Keywords

1 Introduction

Technology is a double-edged sword. Criminals have been using technology for various destructive purposes [1]. Preemptive measures are of utmost importance for crime prevention. This makes it imperative that law enforcement agencies need advanced crime analysis tools which will aid them in the process of crime prevention [2,3,4]. Various countries like the United States of America have benefitted by this approach [5, 6].

One of the challenges faced by the police departments is to minimize threats to society by investigating large volumes of data [7]. Various initiative has been taken by researchers to analyze crime data using data mining techniques [1, 8,9,10,11]. The Government of India has also taken an initiative to implement data analytics to facilitate crime prevention measures [11]. The Gujarat Police Department shares the same vision. A proposal was submitted by one of the authors to the Gujarat Police Department to access confidential crime data for research purposes. They graciously granted access to monthly and annual crime records for the years 2012 to 2016, for the State of Gujarat in India. The Gujarat Police Department categorized crime into 9 different categories such as Home Break-In, Injuries, Kidnapping, Murder, Attempt to Murder, Police Raids, Rioting, Robbery and Theft. The goal of this paper is to develop a predictive model to predict future solving rates of the police department making them more proactive in nature and identifying crime associations and crime hotspots. This will further help the Gujarat Police Department to analyze their crime records and provide meaningful insights for decision making to solve the cases recorded. A survey on crime analysis found that 10% of the criminals commit 50% of the crimes [10]. So, any research initiative taken will help the police department solve crimes at a faster rate.

This research paper is a blend of supervised and unsupervised data mining techniques to analyze crime data. Here we implemented Multiple Linear Regression, Association Rules Analysis and K-Means Clustering algorithms to conduct a comparative study of various crime patterns from the dataset. The above-mentioned methods will help us identify underlying crime patterns and generate valuable insights from the dataset.

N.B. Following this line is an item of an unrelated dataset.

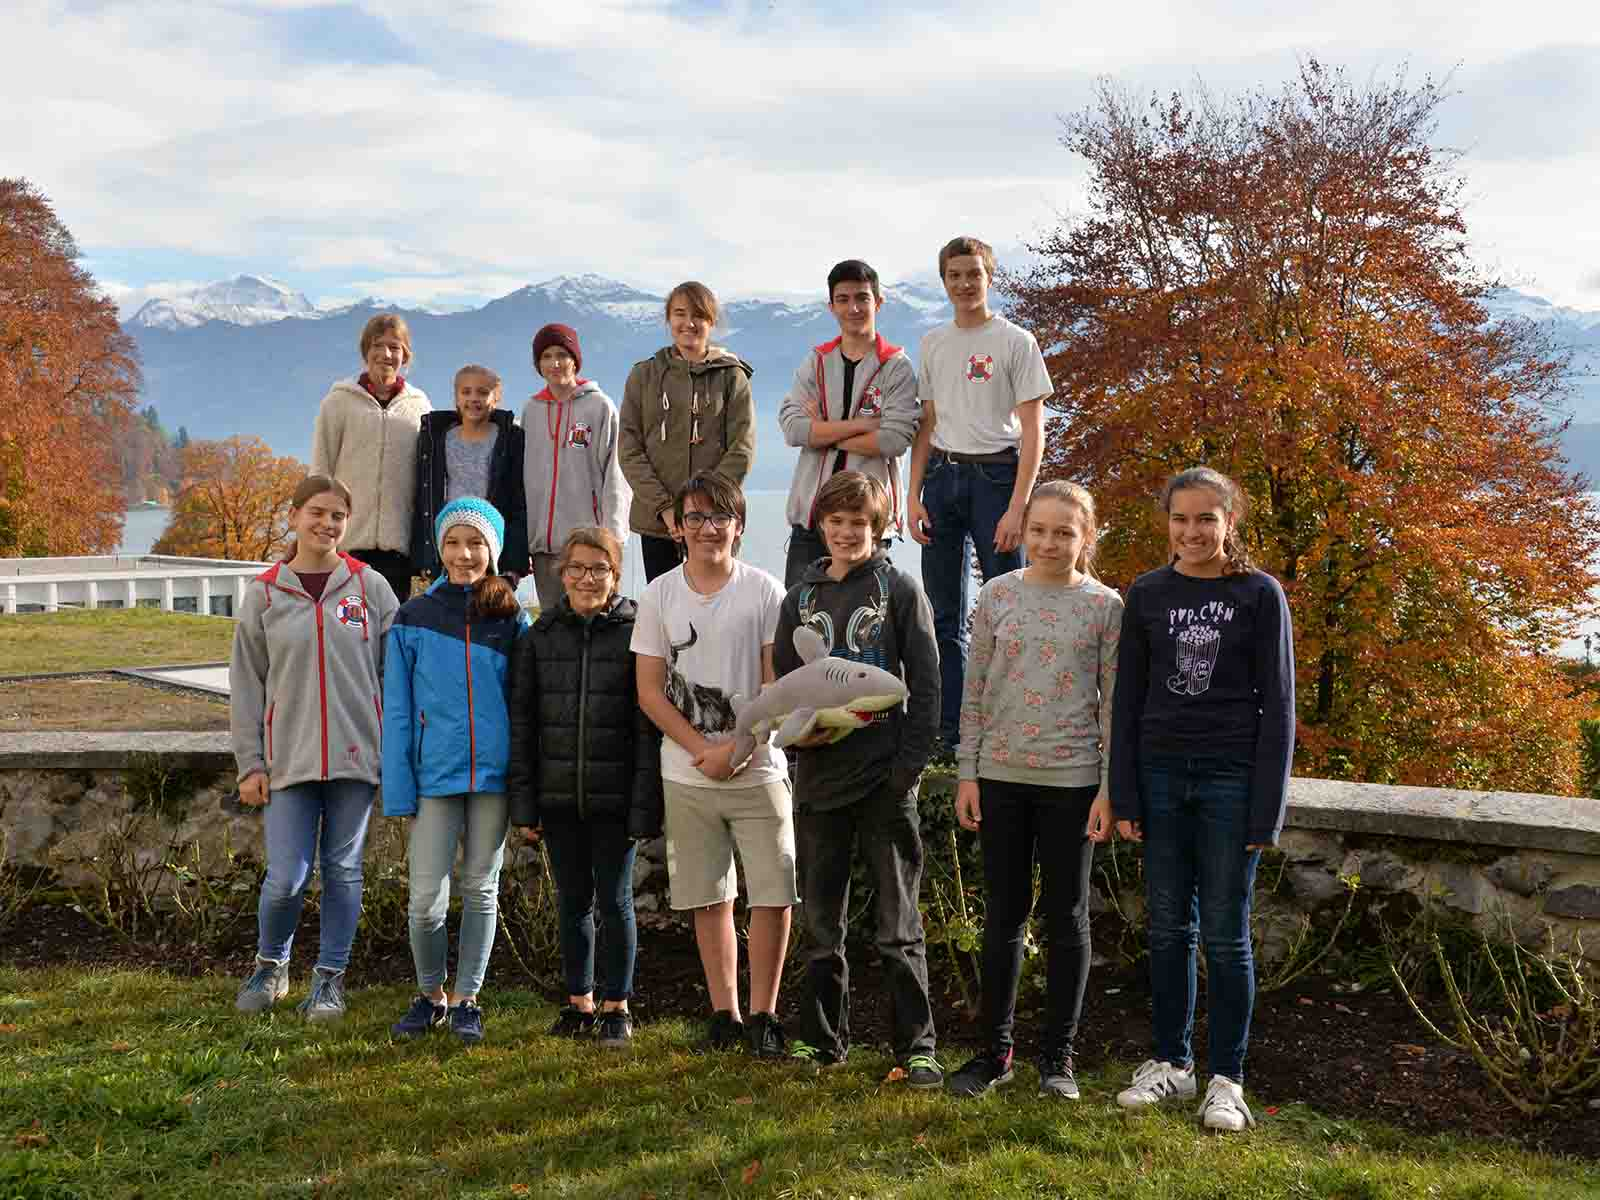 Die SLRG reiste zum Wettkampf nach Oberhofen am Thunersee.

The motivation for conducting this research is to aid Gujarat Police Department in crime prevention and further help them understand the benefits of data mining in this domain. In this paper, different types of data mining methods have been applied and their subsequent results have been discussed which can be used by multiple enforcement agencies and as a point of reference for future research initiatives in the domain of crime analysis.

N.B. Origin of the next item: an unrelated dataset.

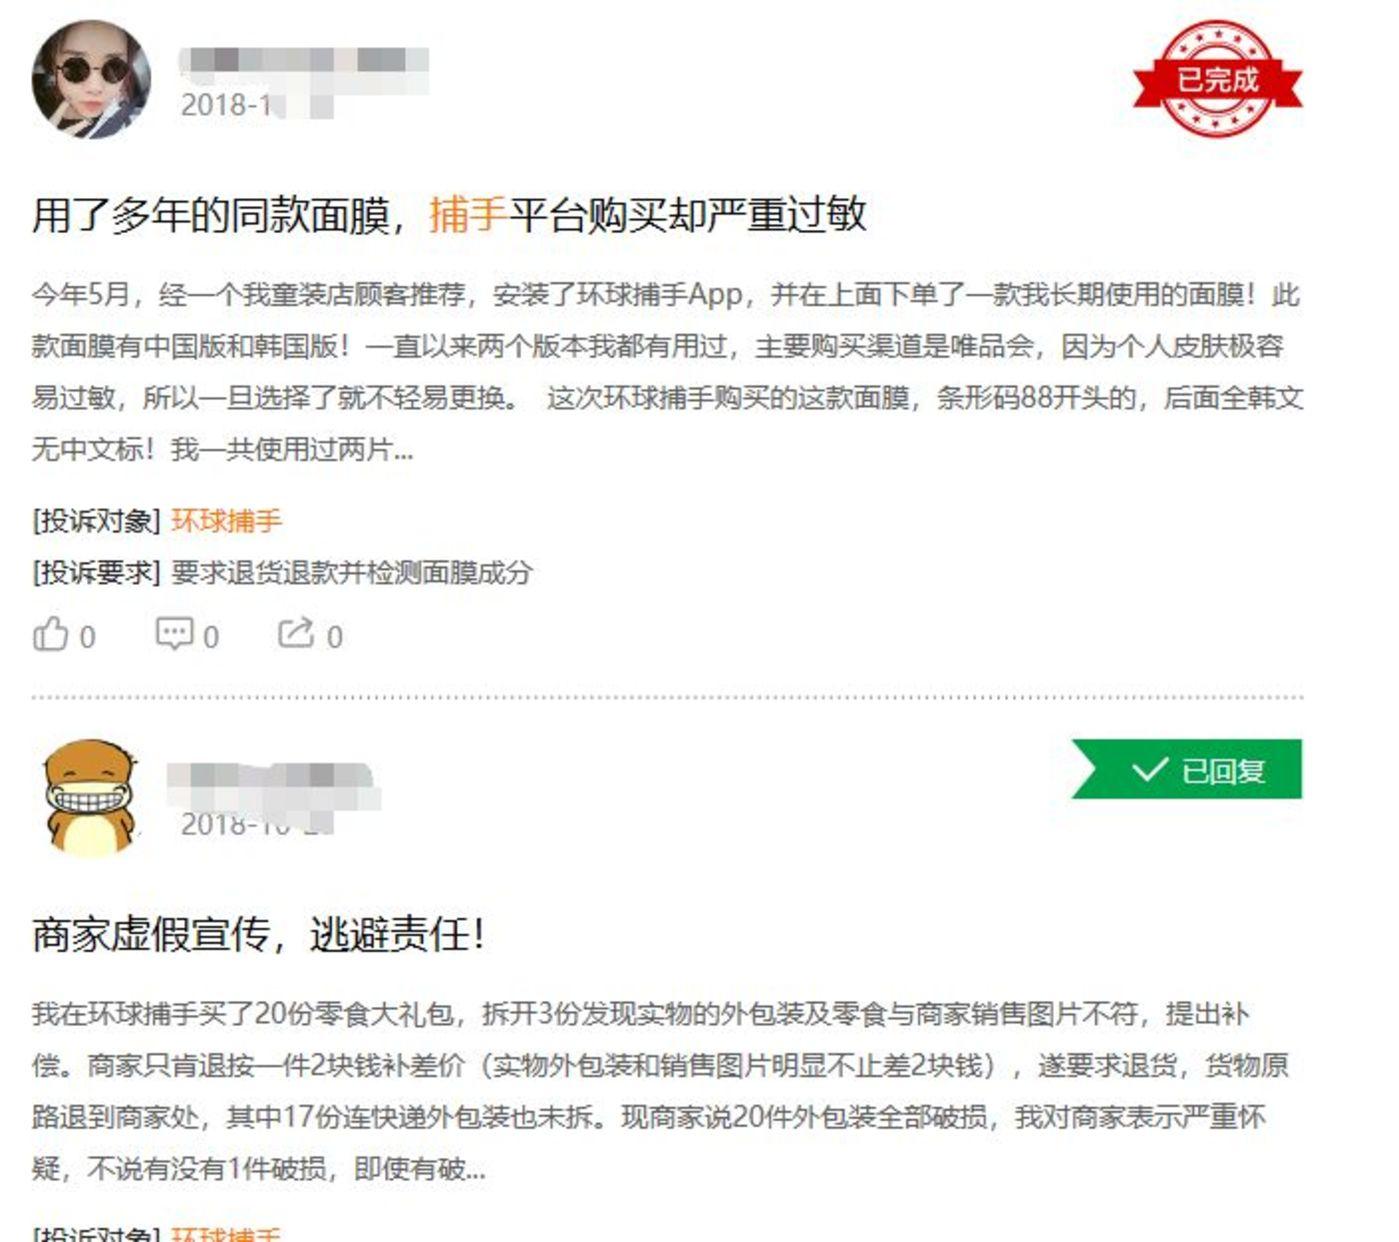 """隐秘微商平台环球捕手:""""疯狂销量""""背后的重重迷雾"""

The paper is organized into six different sections. Section 1 is comprised of introduction. The background and information for crime analysis and prevention is discussed in literature review (Sect. 2). The methodology is discussed in Sect. 3. The different phases of data analysis are presented in Sect. 4. In Sect. 5 we discuss the results of data analysis which includes data visualization, graphs, thresholds and performance evaluation. The conclusion of the paper is presented in Sect. 6 which also includes the limitations and future scope of the research.

2 Literature Review

India is second most populous country in the world with a population of 1.3 billion people [11, 12]. According to the “7th Schedule Article 246 of the Indian Constitution”, Law and Order is a subject of the state [13]. This has created enormous pressure on state government to prevent crimes in their respective states. In this research paper, the authors have analyzed crime records for the state of Gujarat using various data mining techniques. The state of Gujarat has a population of 60.3 million people according to the latest census data [14]. The recorded number of actual strength of police personal in the year 2011 for the state of Gujarat was 72,838. This makes the task of maintaining law and order extremely challenging owing to the sparse police to population ratio which is 129.89 per 100,000 people [15].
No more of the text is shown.